Mr. Hetzer experienced hearing loss early in his adulthood due to the noise levels in the factory. "I think that affected his life considerably from a social point of view," his son William of Myrtle Beach said. "He was an introverted man. He was not a member - not a joiner. He was strictly a homebody - a family man."
But "his IQ was up around 160 or so."
Like many of those who lived through the Great Depression, Mr. Hetzer was fiscally conservative. And his favorite pastime was "fixing on his house - remodeling, building garages, tearing walls down," his son said. "He was constantly maintaining the home and doing all kinds of special things for it."

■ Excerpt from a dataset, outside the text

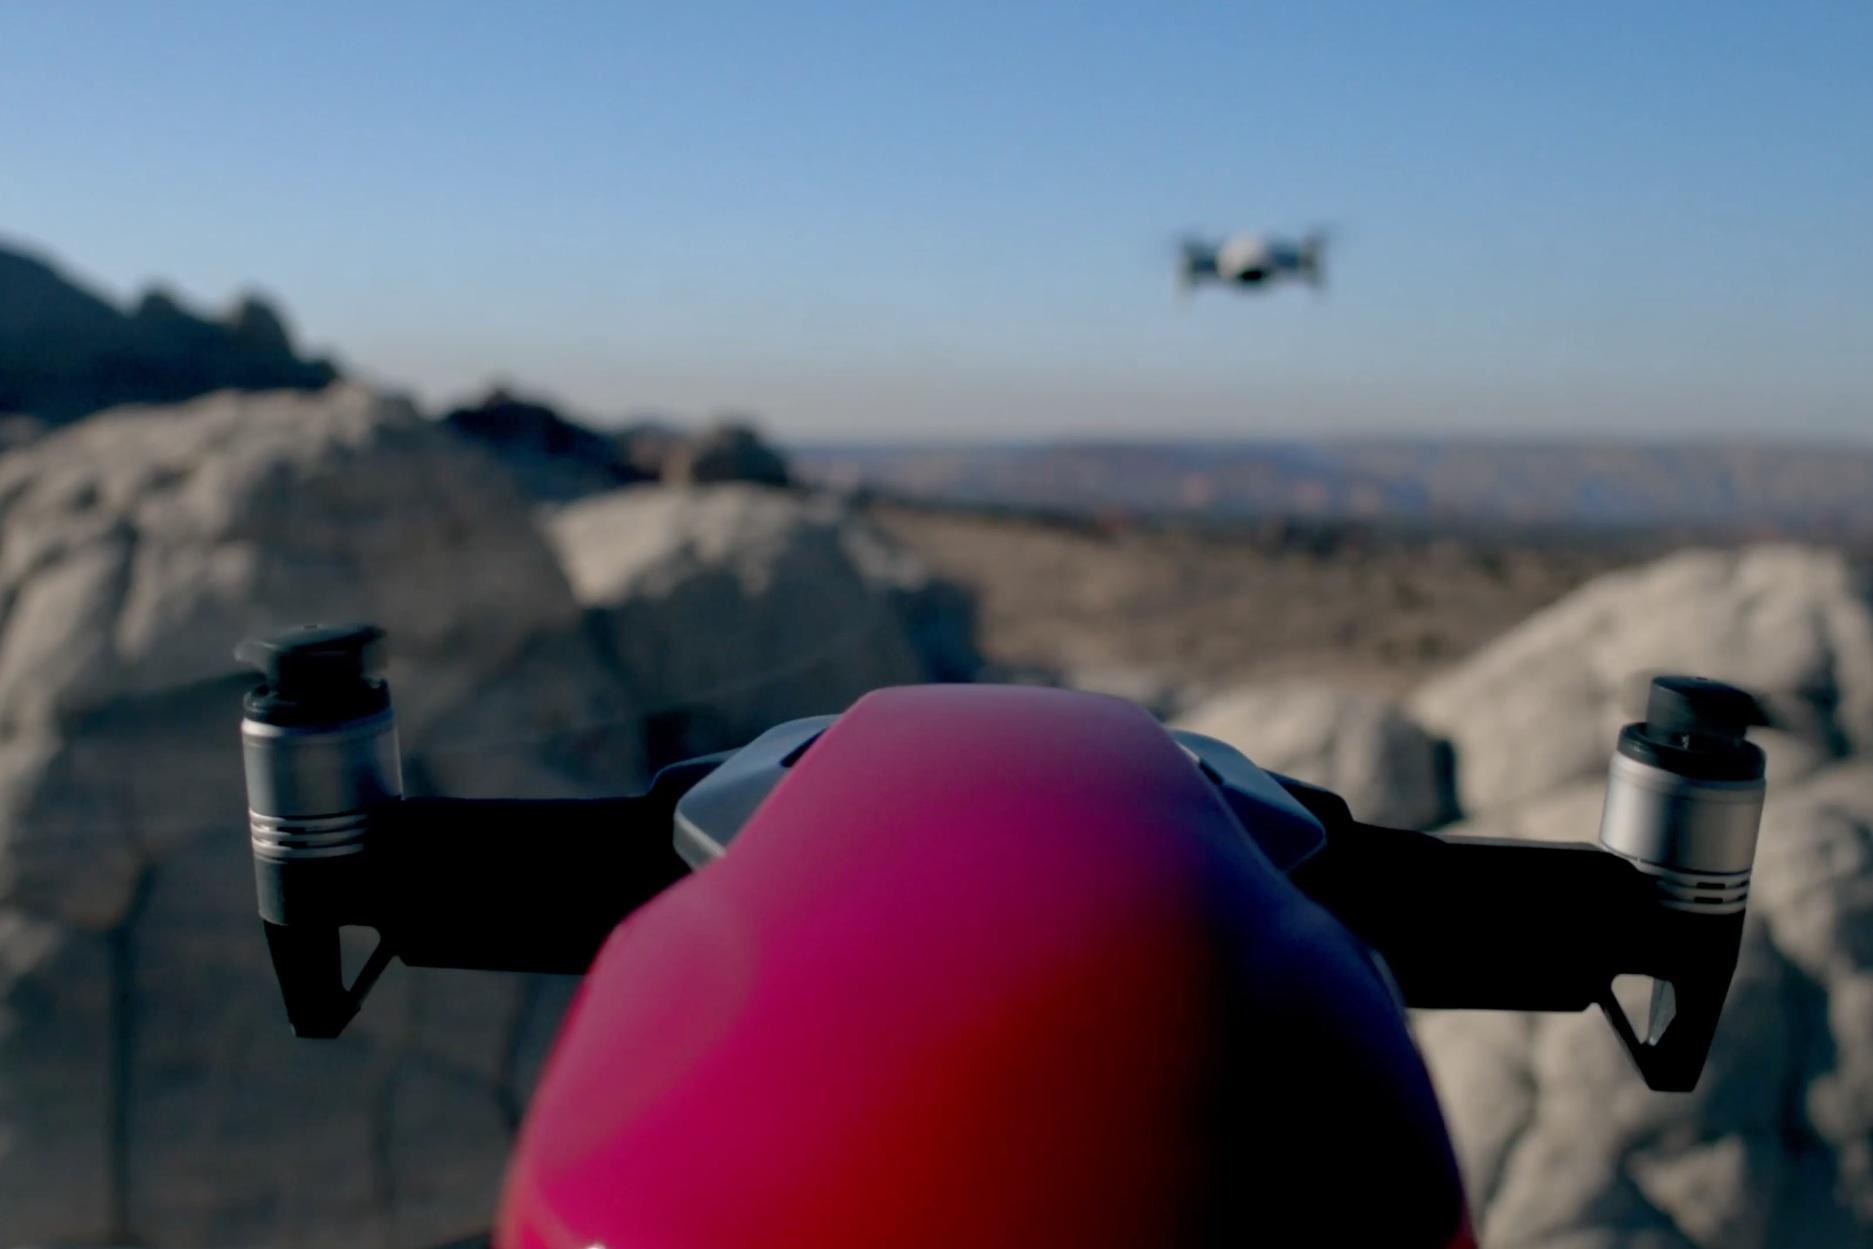 On camera drone -

Mr. Hetzer had a high school diploma but wanted more for his three sons. "He was bound and determined that his sons were going to get a college education and they all did," his son said.
And he did his duty by his parents, taking care of them in their waning years.
After he retired, Mr. Hetzer moved from Mount Healthy to Columbia, S.C., His wife of more than 60 years, Gladys E. Maier Hetzer, died in 1999, and he moved to Myrtle Beach to be nearer two of his sons.
Mr. Hetzer was a member of Trinity Lutheran Church in Mount Healthy.
In addition to William, survivors include sons Joseph C. Hetzer of Myrtle Beach and David R. Hetzer of Centerville; a brother, John Hetzer of Bridgetown; seven grandchildren; and four great-grandchildren.
Services were held. Burial was at Bush River Memorial Gardens in Columbia.